# Stop equating to the 1980's recovery



## JoeRoberts (2 Oct 2010)

I hear far too often that we got out of the mess in the 80's so therefore we can do it again. I can see no comparision.

 After the problems of the 80's we had a few major events that lifted us.

1) A major social pact ( national pay agreement) which traded pay restraint for tax cuts. The tax cuts element of this now has to be reversed.
2) A once-off influx of very big multinationals in the late 80's early/mid 90's employing very large numbers in manufacturing - helped substantially by #1 above - jobs announcements of 1000 and 2000 were common place - this will not happen again as we are too expensive.
3) Establishment of the IFSC 
4) A large investment from the Eu structural funds in the early 90's - approx 6 bn I think - this will not happen again
5) Large numbers of returning emigrants who had done well abroad and had some money to spend here - we won't see these again
6) A big increase in tourist numbers in the 90's , particularly from the UK and central Europe for short breaks - this brought in a lot of extra revenue. Much of this increase came from people who had money to come and see the "Ireland that won Eurovisions" but who now realise that we are a nation who lost the run of ourselves when we got a few pound in the Celtic Tiger.

I believe our natural unempoyment rate is where we are now - around 12% -13 % - it was skewed for a few years by abnormal numbers employed in construction and related spin-off jobs. The large scale jobs lost in companies like Dell are gone, and gone forever. Service industries and the "smart economy" if it ever develops can never replace quality manufacturing jobs that result in a big downstream jobs spin-off.

I just feel very negative.


----------



## tiger (2 Oct 2010)

JoeRoberts said:


> I just feel very negative.


Me too.

Despite the 'final' figures this week, I don't feel we've hit bottom yet or seen the worst.

There was no discussion of NAMA this week.  Effectively we/the govt now own about €40BN of assets that we might never be able to sell.
Also, how many loans are interest only or even still rolling up interest.  Eventually time will have to be called on these.


----------



## RMCF (2 Oct 2010)

I think one of the main things that we need to address if we are to start recovering is our cost. 

We are a scandalously expensive place in terms of costs and wages etc. These were allowed to rocket in the boom times when no-one was bothered, but now its a rock around our necks. The wages have to come down, end of. But it will be so difficult trying to persuade the unions about this. I think the next 4 or 5 budgets will have to address wages, and by natural process the prices will have to fall as well.
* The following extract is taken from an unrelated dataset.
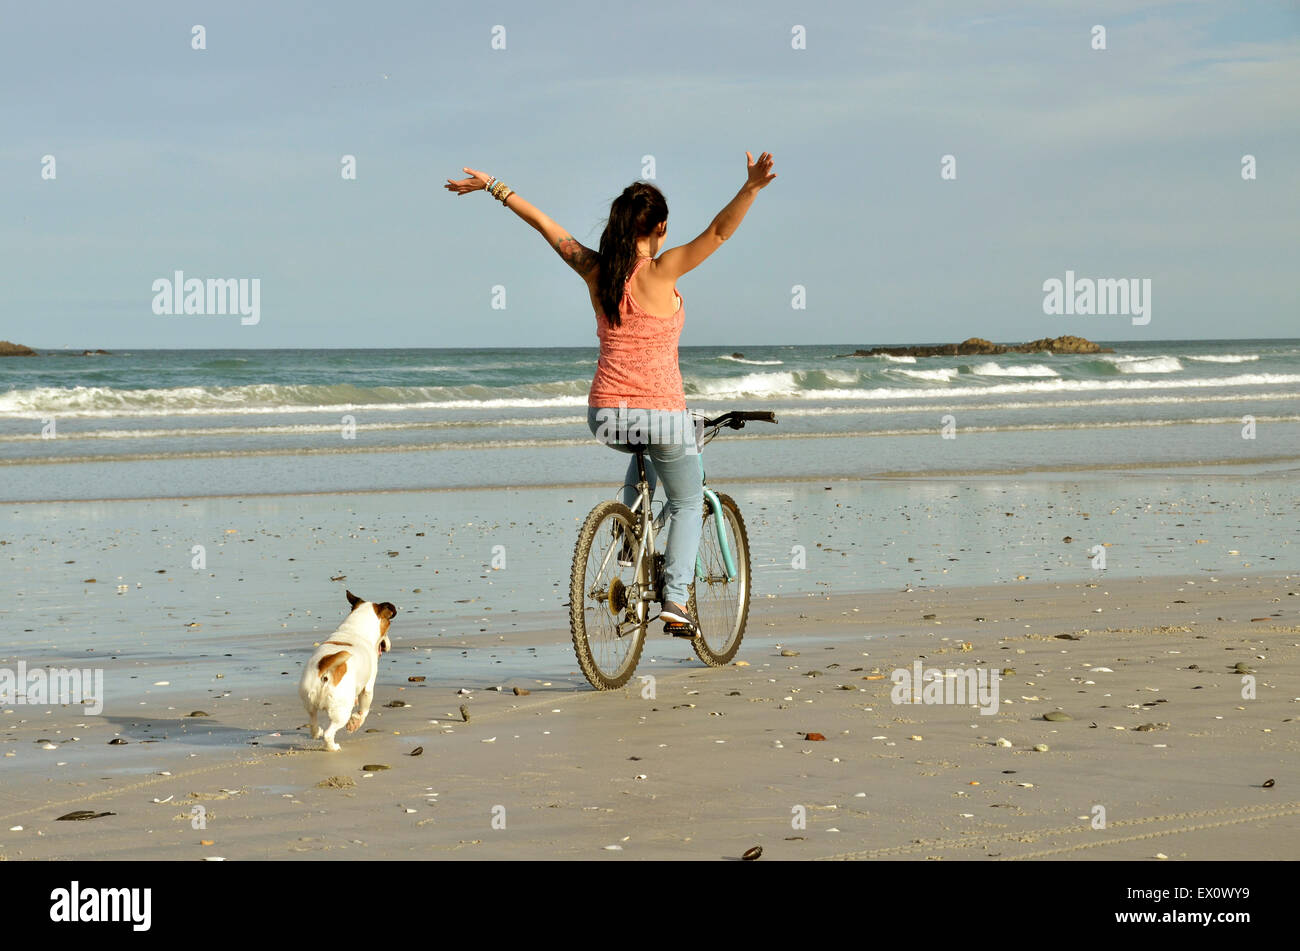 girl riding a bike on a beach Stock Photo

Although we are all feeling negative now, you really have to hope things will get better. I do worry that if corporation tax is raised we mind see a gradual exodus of the huge companies, which would be disastrous for our economy.

Irish people used to have so much spirit and fight in them, but you just feel now that most people are broken and find it hard to see any point in trying to get our of this mess.


----------